Fig. 16: Comparison of value weighting between model predictions and expert evaluations for heritage images.
figure 16

a Weighting Results of Image 1 to Image 5. b Weighting Results of Image 6 to Image 10.

Cross-regional generalization

To evaluate the cross-cultural generalization ability of our framework, we tested the ViT-HVE model on a set of heritage images from non-East Asian regions, including Southern and Eastern Europe, Sub-Saharan Africa and so on. These samples encompass diverse heritage types such as architectural sites, ritual performances, sculptural art, commemorative structures, and distinctive natural landscapes and landforms.

Figure 17 presents examples of heritage value recognition and evaluation for non-East Asian heritage images. Although the model was trained solely on East Asian cultural heritage data, it still demonstrates strong generalization ability across diverse non-East Asian contexts, including architecture, dance, and natural landforms. This indicates that the model has effectively learned the semantic attributes associated with different heritage values from large-scale data, enabling it to make contextually appropriate predictions across culturally and visually diverse inputs.

Fig. 17
figure 17

TK-HVW value distribution on Non-East Asian heritage samples.

These results demonstrate that the model can generalize its value recognition capabilities to visually distinct and culturally diverse heritage contexts, even though it was trained on the East Asian-centric CHVR dataset. The consistency in identifying semantically meaningful values—such as Artistic, Historical, and Folk—across regions suggests that these value dimensions possess a degree of visual universality that transcends cultural boundaries.

Small-sample robustness

To assess the robustness of ViT-HVE under data-scarce conditions, we conducted a K-shot evaluation with K {1, 5, 10, 20}, where only K labeled samples per class were available for training. As shown in Table 5, the accuracy of ViT-HVE increases steadily with the number of labeled samples, demonstrating strong adaptability to small-sample scenarios. Specifically, when only one labeled image per class is provided (K = 1), the model attains 51.21% accuracy, indicating its ability to generalize from extremely limited supervision. As the number of labeled samples increases, the performance improves consistently, reaching 58.82%, 63.45%, and 69.73% at 5-, 10-, and 20-shot settings, respectively. These results confirm that ViT-HVE maintains competitive performance even with scarce labeled data, while scaling effectively as more annotations become available.

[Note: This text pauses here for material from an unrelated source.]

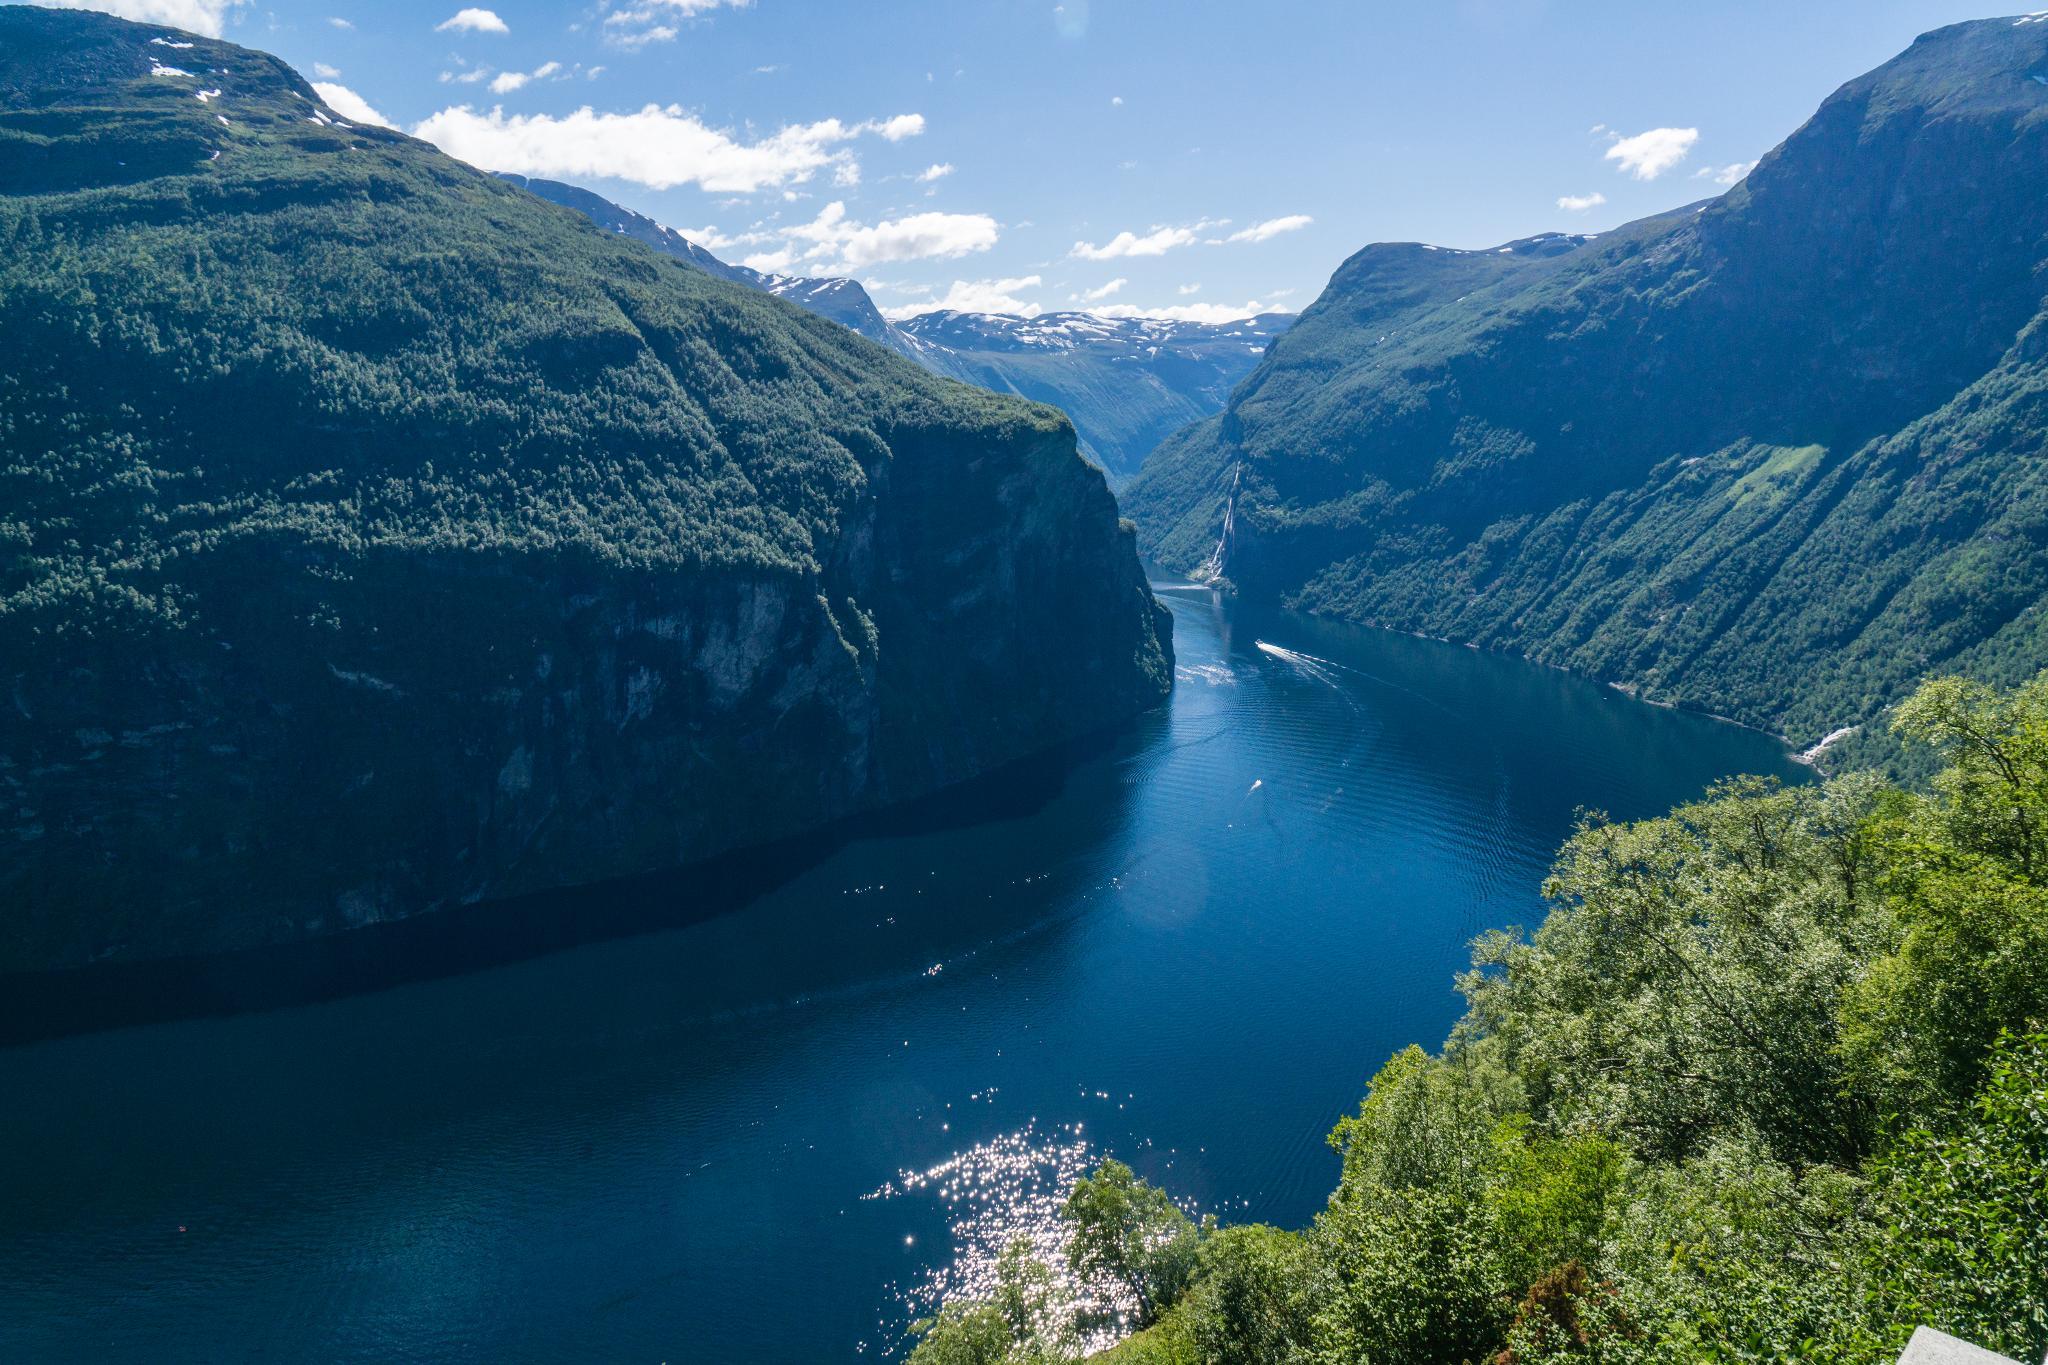 【北歐景點】Ørnesvingen 老鷹之路 ∣ 挪威世界遺產 — 蓋倫格峽灣景點總整理 14

Table 5 Small-sample robustness evaluation of ViT-HVE on the CHVR dataset

Discussion

In this paper, we introduce a deep learning-based framework, ViT-HVE, for the recognition and evaluation of cultural heritage values. This framework is the first to apply deep learning techniques to heritage value evaluation, effectively addressing the issues of subjectivity and inefficiency in existing methods. This study takes the Shaanxi Yellow River Cultural Heritage as a case study and utilizes the LDA topic model to construct a comprehensive classification system for cultural heritage values. Based on this foundation, we introduce the first cultural heritage value dataset, CHVR. To improve the model’s ability to recognize cultural heritage values, we adopt a transfer learning strategy by fine-tuning a pre-trained ViT-Large model on the CHVR dataset and compare three training methods: LoRA, linear probing, and full fine-tuning. We further compare the resulting ViT-HVE model with six baseline approaches to evaluate its effectiveness. Experimental results show that full fine-tuning yields the highest robustness in value recognition, and our method achieves superior overall performance.

Additionally, this paper introduces a probabilistic heritage value weighting method, TK-HVW, which transforms the model’s output into a probability distribution for each cultural heritage value category, facilitating the recognition and evaluation of the three most prominent values in an image. The expert evaluation confirmed that the model evaluations are highly consistent with those of the experts, demonstrating substantial alignment overall. This method offers a more objective approach to the quantification of heritage value.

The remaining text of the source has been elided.